Garces opened his first restaurant in 2005, Amada, named after his grandmother. The Spanish tapas restaurant was followed by restaurant concepts with locations in Philadelphia, Chicago, Arizona, New Jersey, Palm Springs, Washington, D.C., and New York City. Following a few years of financial and legal challenges, Garces filed for bankruptcy in 2018 and sold his restaurants to IdEATion Hospitality as part of a restructuring.

IdEATion, along with Chef Garces, now run seven restaurants in Philadelphia: Amada, Tinto, Village Whiskey, Garces Trading Company, JG Domestic, Volvér, and Buena Onda.
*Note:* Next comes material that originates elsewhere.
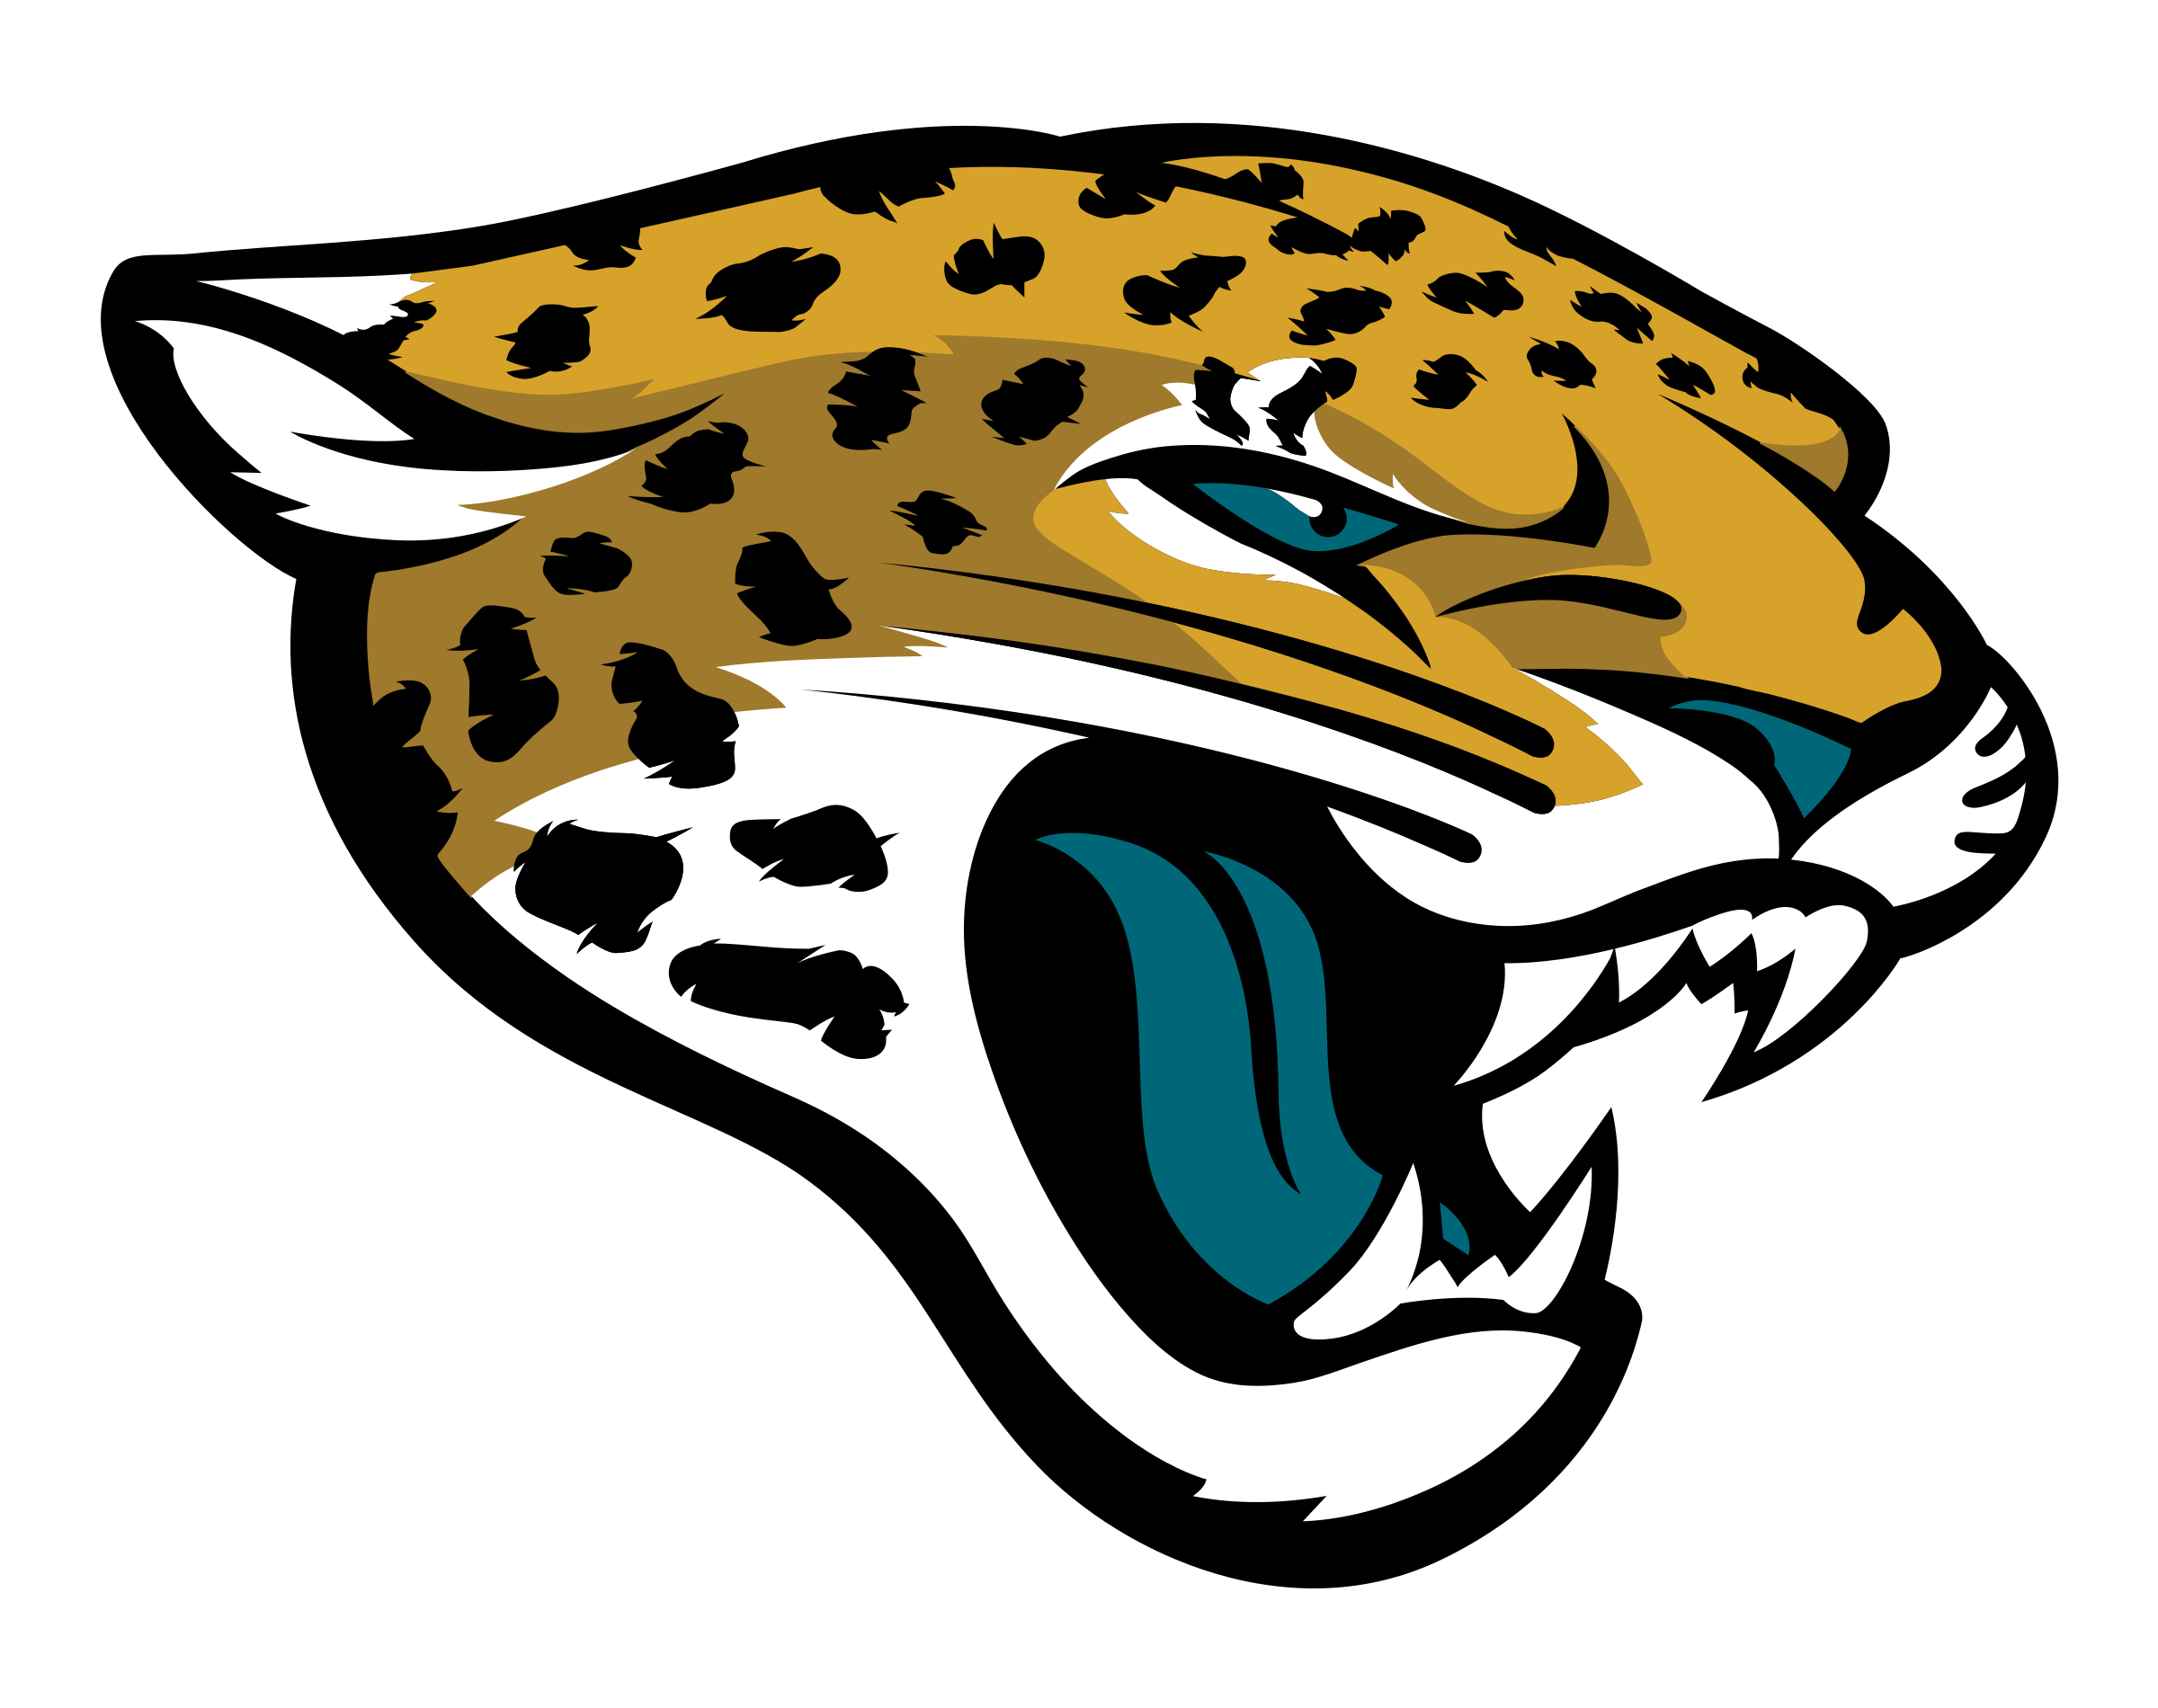 Jaguar football clipart clipart free download Jacksonville Jaguars Logo PNG Transparent & SVG Vector - Freebie Supply clipart free download

IdEATion and Chef Garces also manage four restaurants at the Ocean Casino Resort in Atlantic City, New Jersey: Amada - Ocean, Distrito Cantina - Ocean, Olón - Tropicana, and Okatshe - Tropicana.

==Television==
Garces has been a challenger on Iron Chef America, defeating Bobby Flay on a 2008 episode featuring melon. He also competed in the second season of The Next Iron Chef and he was selected the sixth Iron Chef after defeating opponent chef Jehangir Mehta on November 22, 2009. Garces debuted as an Iron Chef on January 17, 2010, when he defeated Seattle chef Rachel Yang in Battle Hawaiian Moi. In 2023, Garces was a competitor in season 4 of Tournament of Champions.

==Personal life==
In 2002, he married Beatriz Garces, a dentist. The couple has a daughter, Olivia, and a son, Andres. They later divorced and he married Jill Garces.